Five tables, three foreign-key join paths. The question: which customers will churn in the next 90 days?

Approach 1: Flatten and engineer features manually

This is what 90% of data science teams do today. The process has five steps.

Step 1: Understand the schema. Map the tables, foreign keys, and relationships. For a customer churn prediction on an e-commerce database with customers, orders, products, reviews, and support tickets, this means understanding 5 tables and their join paths.

Step 2: Define the entity and target. One row per customer, target variable is "churned in next 90 days." This seems simple but requires careful temporal handling to avoid data leakage: features must be computed from data available before the prediction point.

Step 3: Write the feature SQL. For each customer, compute aggregates from each related table. This is where the bulk of the work lives.

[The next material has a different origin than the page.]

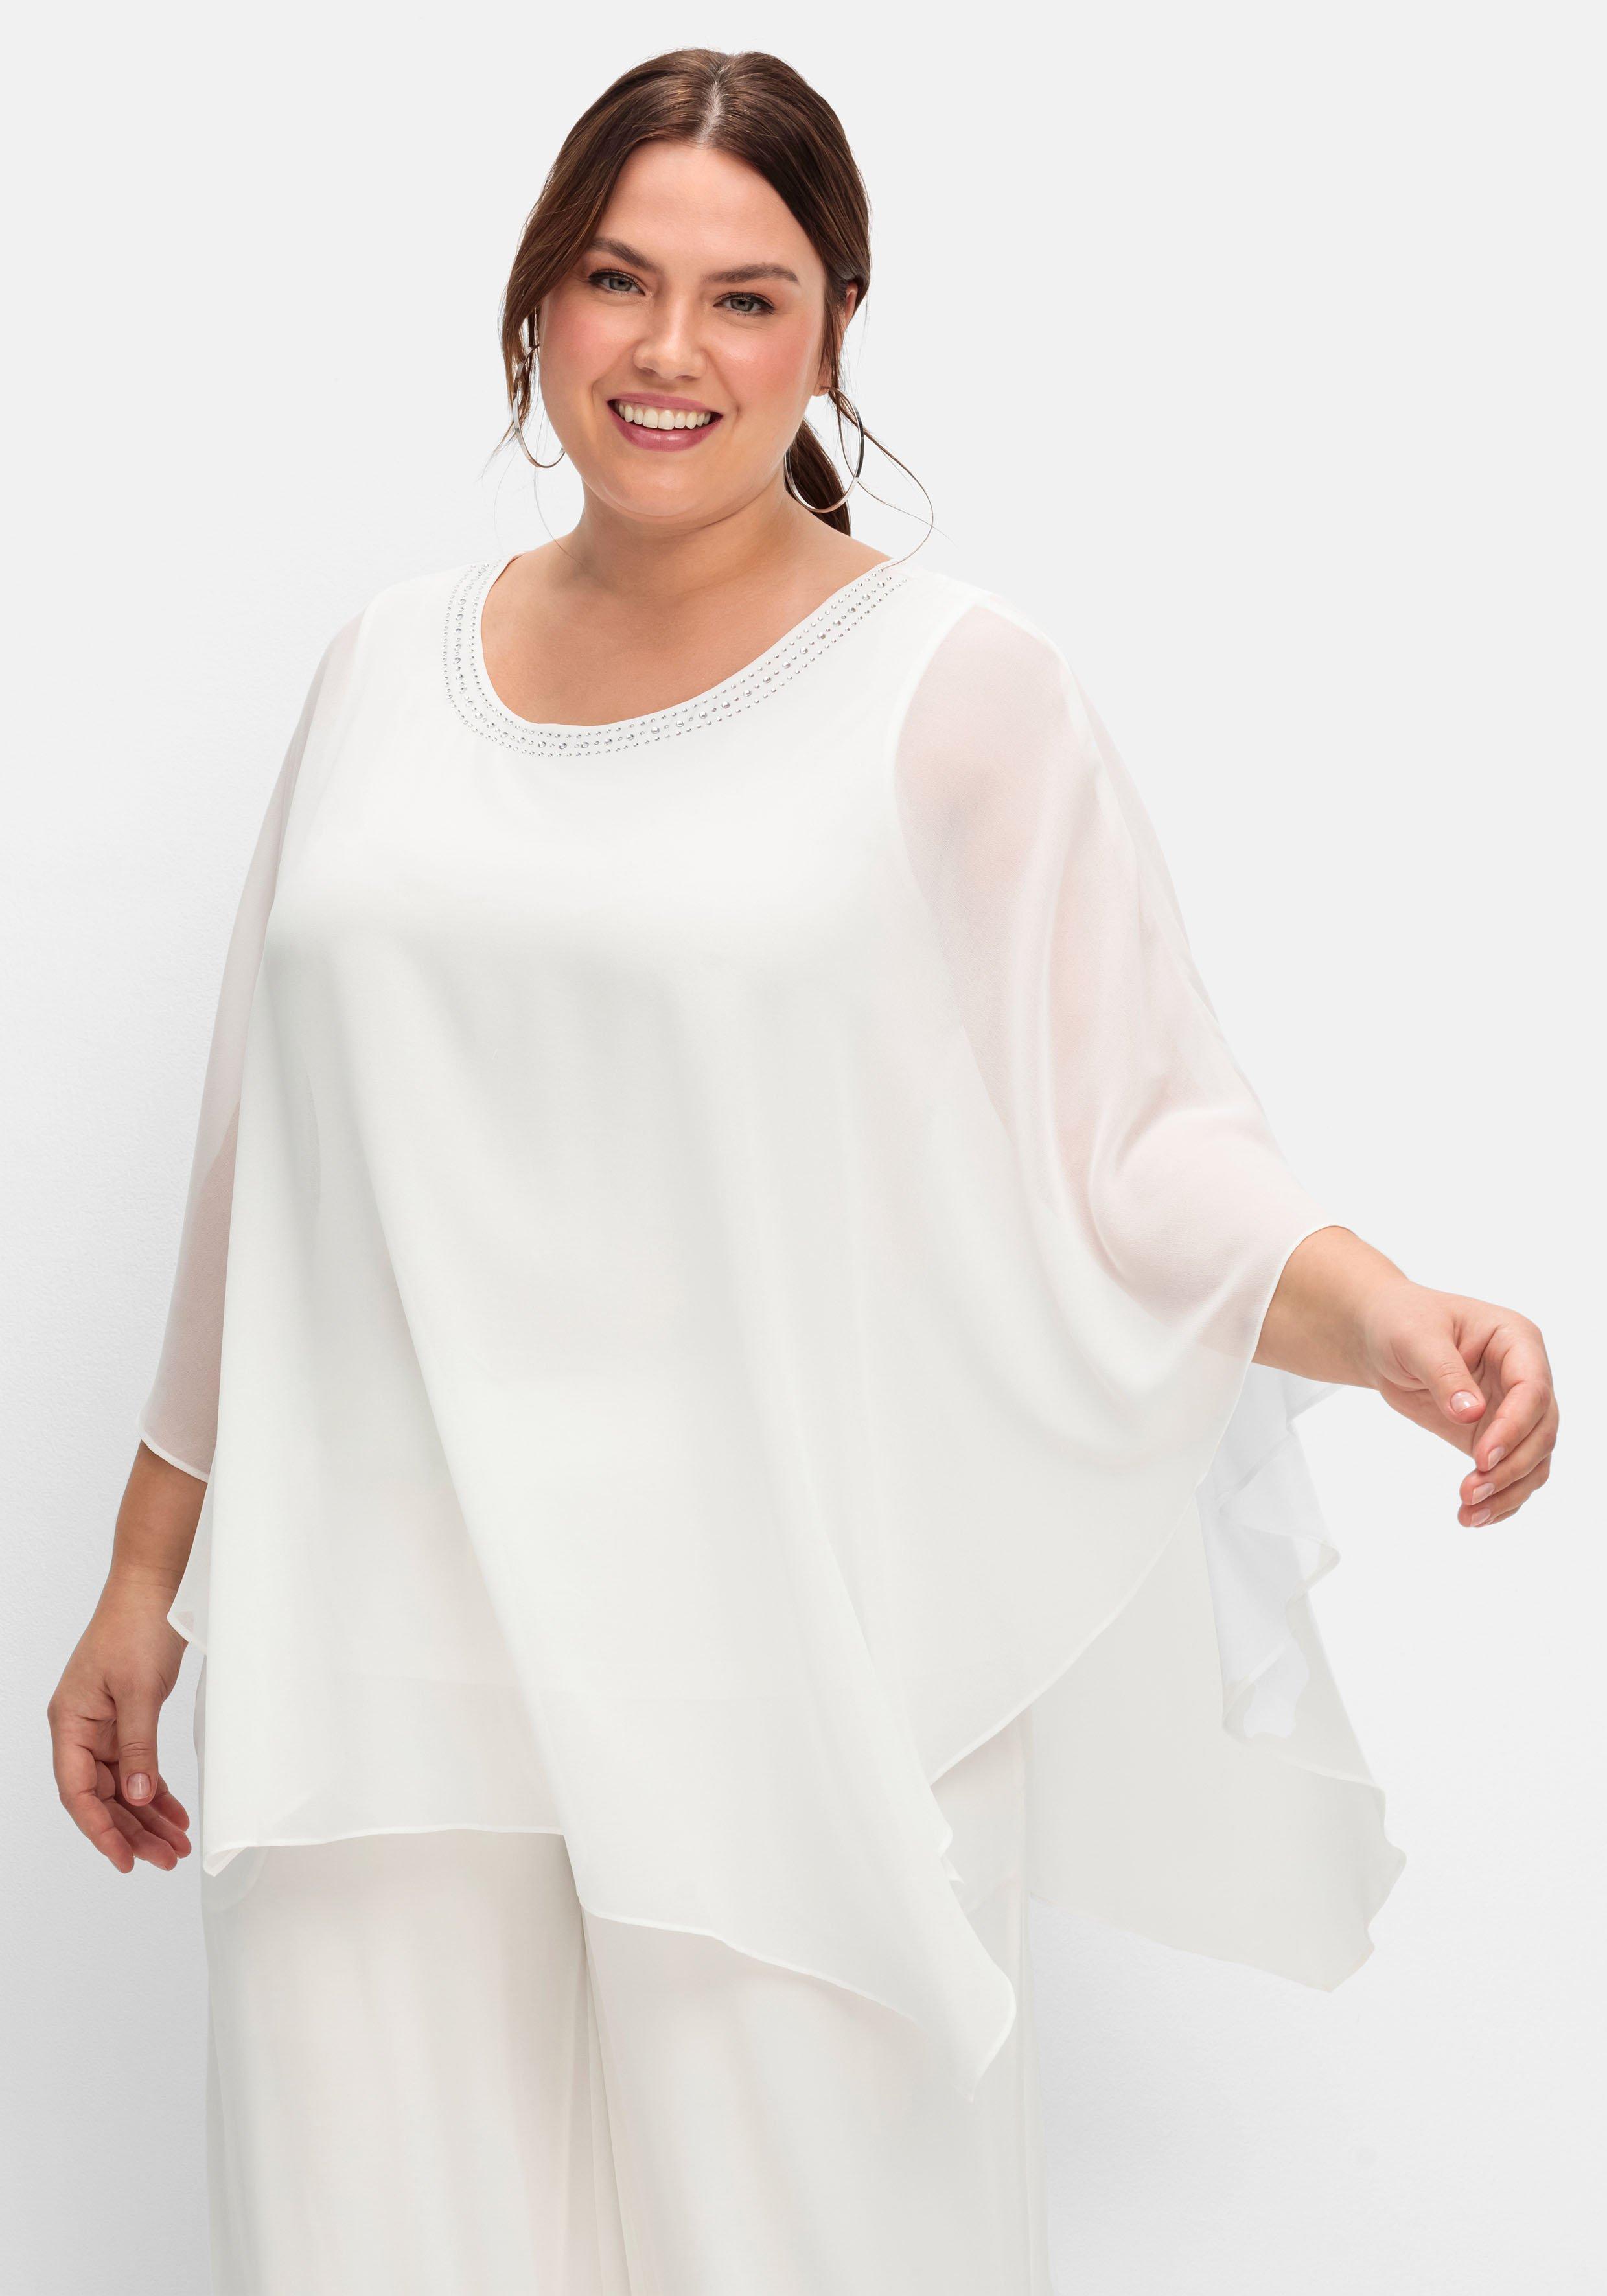 Blusen & Tuniken große Größen weiß | sheego ♥ Plus Size Mode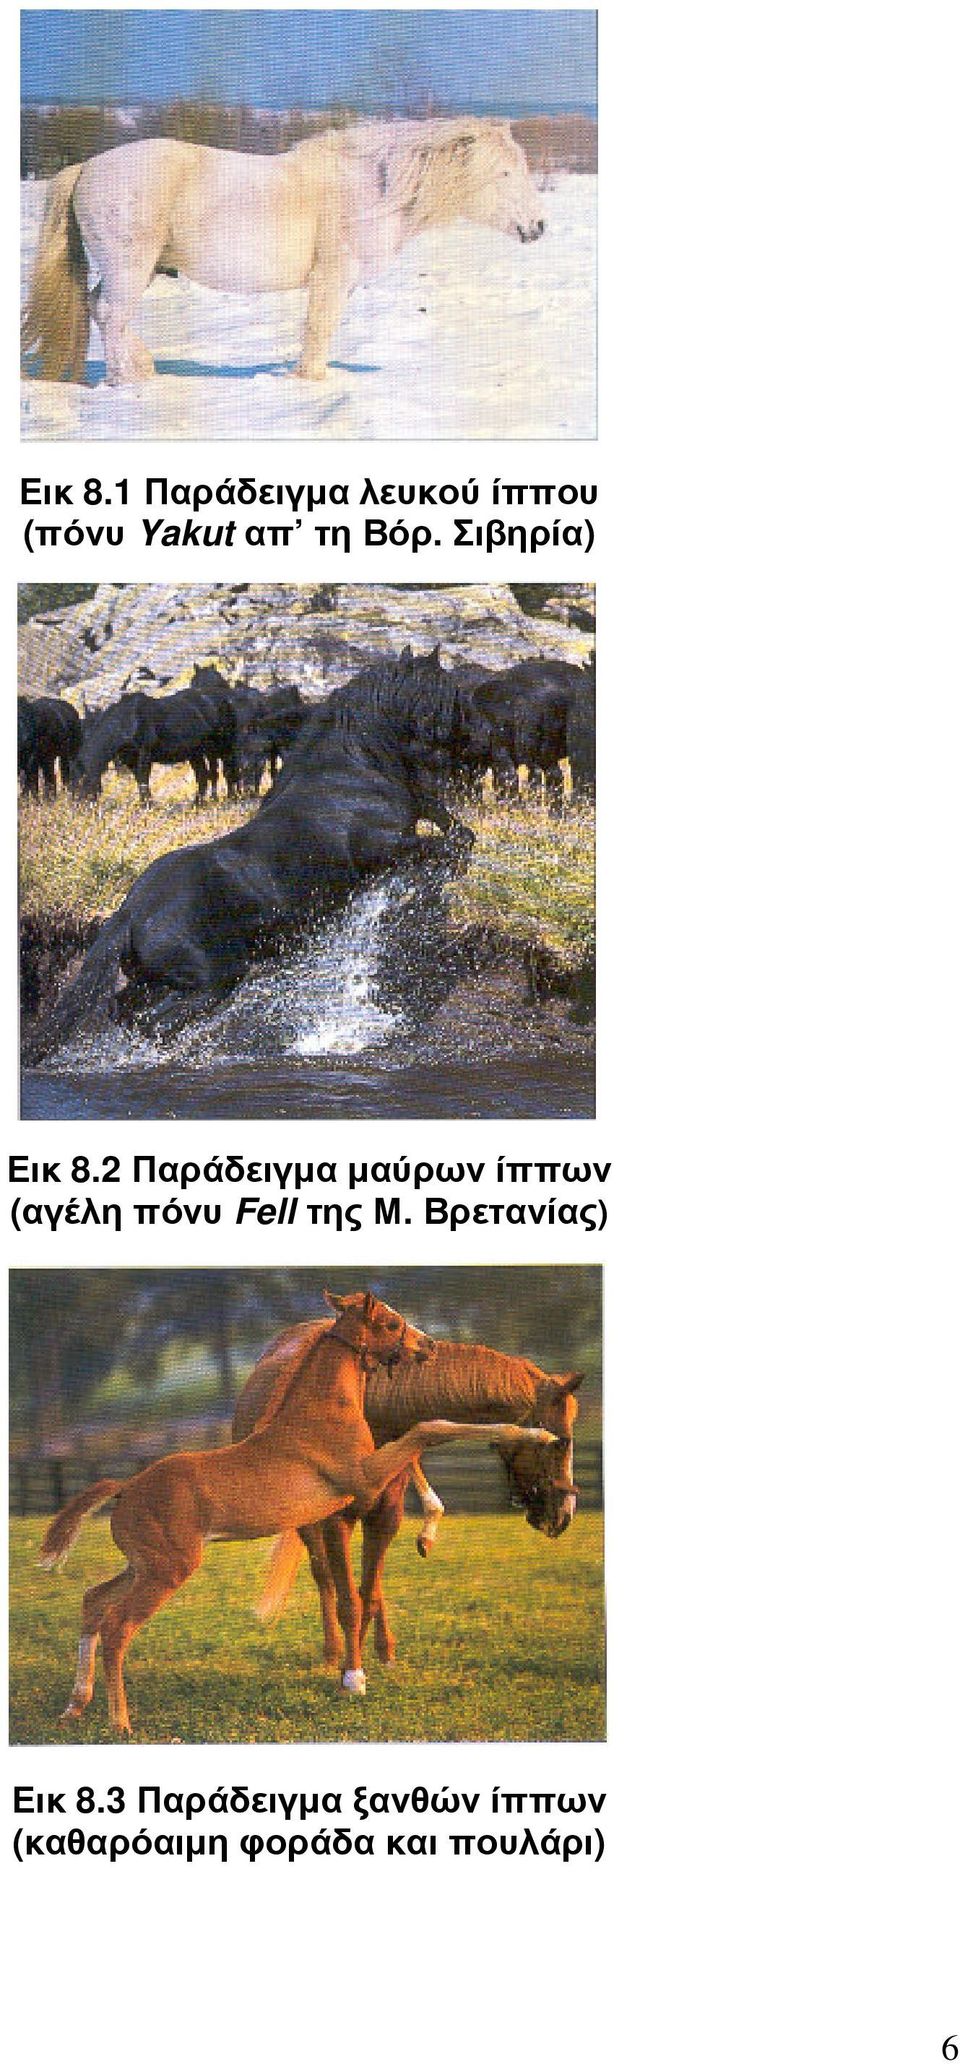 Σιβηρία) 2 Παράδειγµα µαύρων ίππων (αγέλη πόνυ

A typical feature set might include: total orders in the last 30, 60, 90 days; average order value over the same windows; number of distinct product categories purchased; number of support tickets filed; average review score given; days since last order; days since last support ticket; ratio of returns to orders; number of sessions in the last 14 days.

Each feature requires a SQL query with joins, aggregations, and time window logic. Fifty features means fifty queries. The Stanford study measured this at 878 lines of code and 12.3 hours per task for experienced data scientists.

Step 4: Train the model. Feed the flat feature table to XGBoost or LightGBM. Tune hyperparameters. Cross-validate. This takes 30-60 minutes of compute time and a few hours of data scientist time.

Step 5: Validate and deploy. Check for data leakage, test on held-out data, build a serving pipeline, set up monitoring for data drift and model decay.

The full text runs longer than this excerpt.